The Competitive Carriers Coalition (CCC) has hit out at a government intervention in the Australian Competition and Consumer Commission's inquiry into the pricing of Telstra's wholesale services.
The prices that Telstra charges for a range of wholesale services on its copper network are regulated by the ACCC.
In June, the competition watchdog revealed it was considering a 9.6 per cent drop in the prices Telstra can charge for the period 1 October 2015 to 30 June 2019 (a decline in real terms over four years of around 12 per cent).
Telstra was predictably less than thrilled at the decision (it had argued it should be allowed to raise prices).
"This draft decision has some serious flaws and contradicts the ACCC’s own principle of full cost recovery," Telstra's executive director for regulatory affairs, Jane van Beelen, wrote in a blog entry earlier this week.
"Having accepted our cost and demand forecast, the ACCC’s approach then effectively pretends that the NBN is not happening, thereby assuming higher demand for Telstra’s services and accordingly lower average costs.

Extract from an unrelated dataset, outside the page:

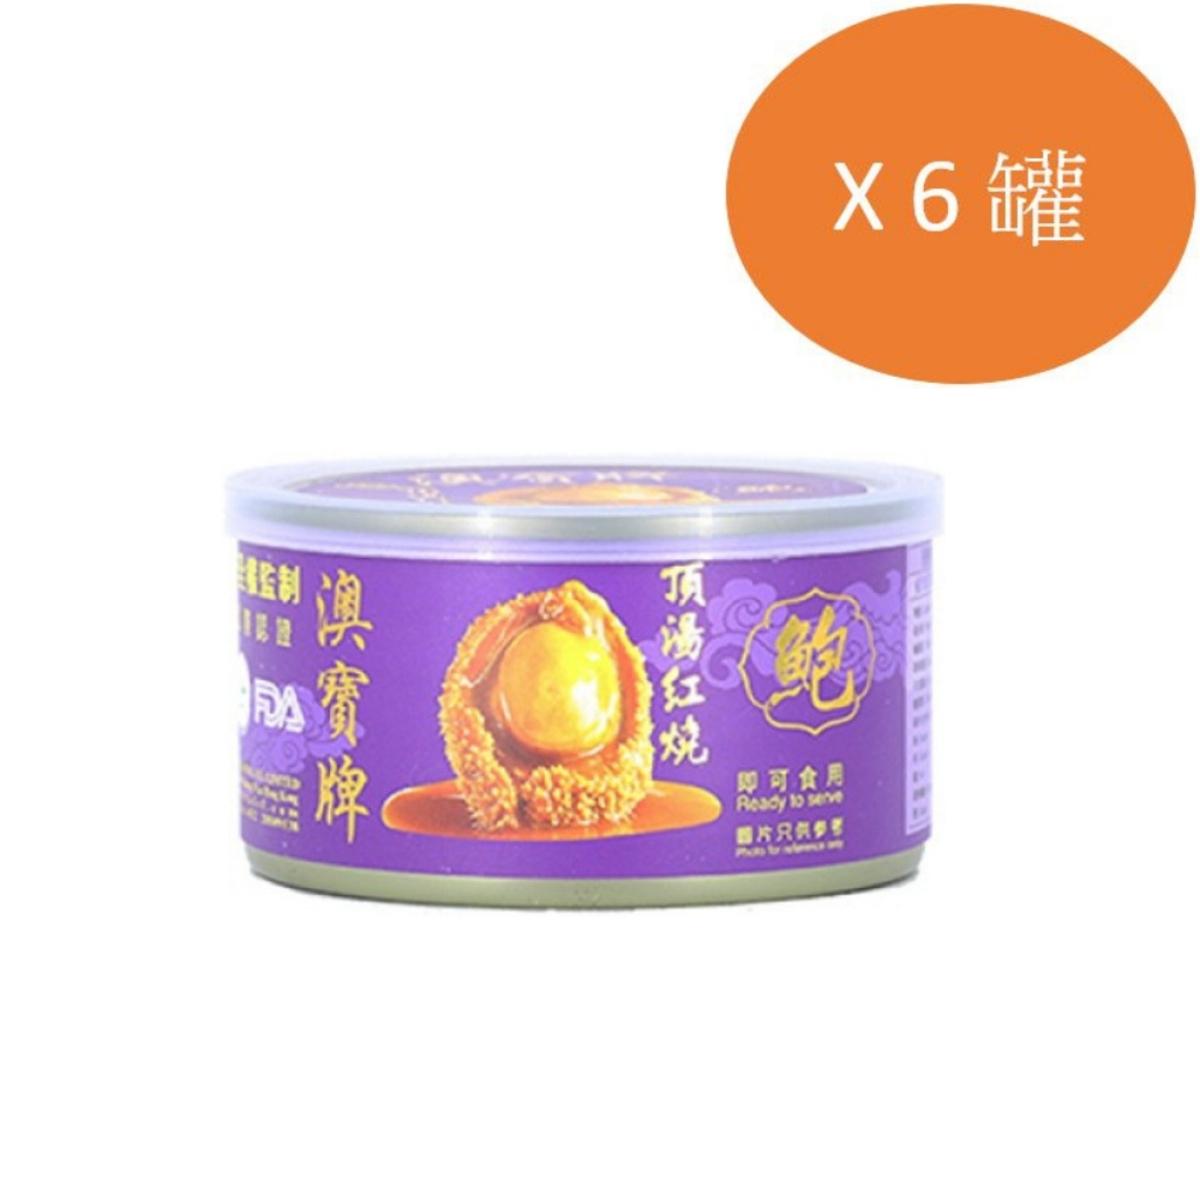 Braised abalone 40g (6 Pcs) x 6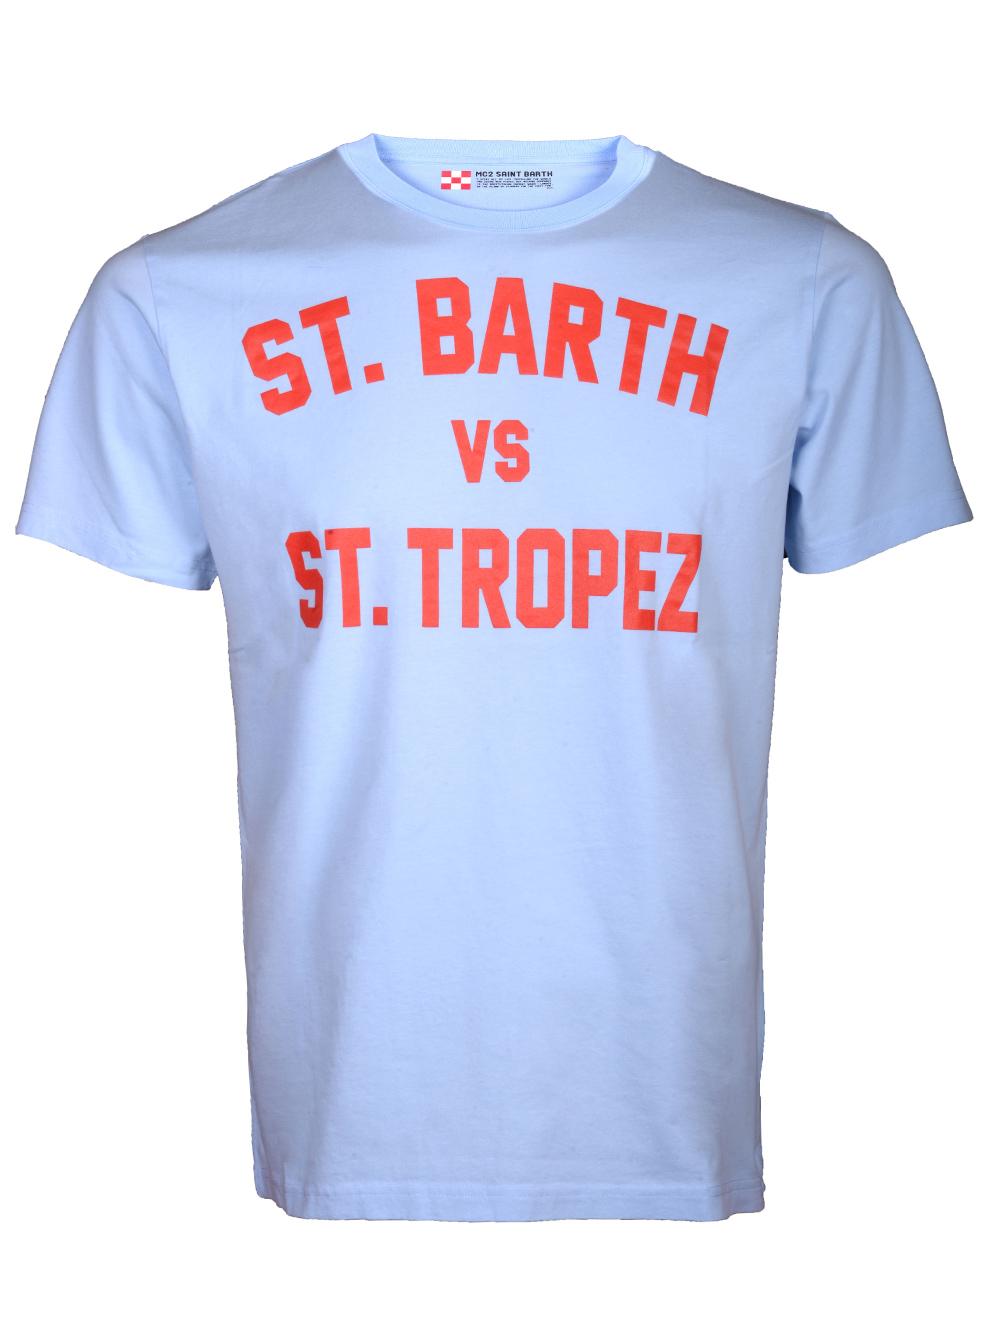 Mc2 St.BarthSALT WATER Μπλούζα t-shirt TSHIRT MAN ΛΕΥΚΟ

"The ACCC has also mischaracterised the deal we did with the Government to facilitate the NBN, which is about a loss of future revenue after services are disconnected from the copper network, not the cost of maintaining our network for those customers who remain on it as the NBN is rolled out."
In a submission (PDF) to the ACCC's inquiry, the Department of Communications said it was concerned the ACCC's draft decision could "prevent appropriate cost recovery", which may not be in the long-term interests of end-users (a test outlined in the Competition and Consumer Act 2010).
"The Department is also concerned that the ACCC's further draft decision does not adequately take the broader policy context into consideration, notably the importance of price stability in the transition to the NBN and potential disruption of migration of customers from Telstra's network to the NBN," the submission states.
The ACCC should revisit its draft decision "in order to assure that the ... prices for fixed line services reflect the actual cost to Telstra in supplying the services, reflect the general principle that investors should be able to recover their costs, and that price stability is adequately considered."
The Department of Communication's submission represents an "extraordinary, unwelcome, unwarranted" intervention and sets a dangerous precedent, said a statement from the CCC signed by Vodafone, Macquarie Telecom, iiNet, Nextgen Networks and Mynetphone.
"For a Government department to be calling for higher prices for ordinary consumers, and against the interests of competition, is surely a first at the Federal level raises serious question marks about their ability to maximize the opportunities of the digital revolution.
"For it to be doing so in the context of fixed line communications services, where we Australia has the national disgrace of the highest prices in the developed world, beggars belief."
"Yet here is a Government Department intervening to tell an independent pricing agency to throw out the result of a two year inquiry because it does not want prices to fall," the statement said.
Communications minister Malcolm Turnbull should instruct the department to withdraw its submission, the statement said.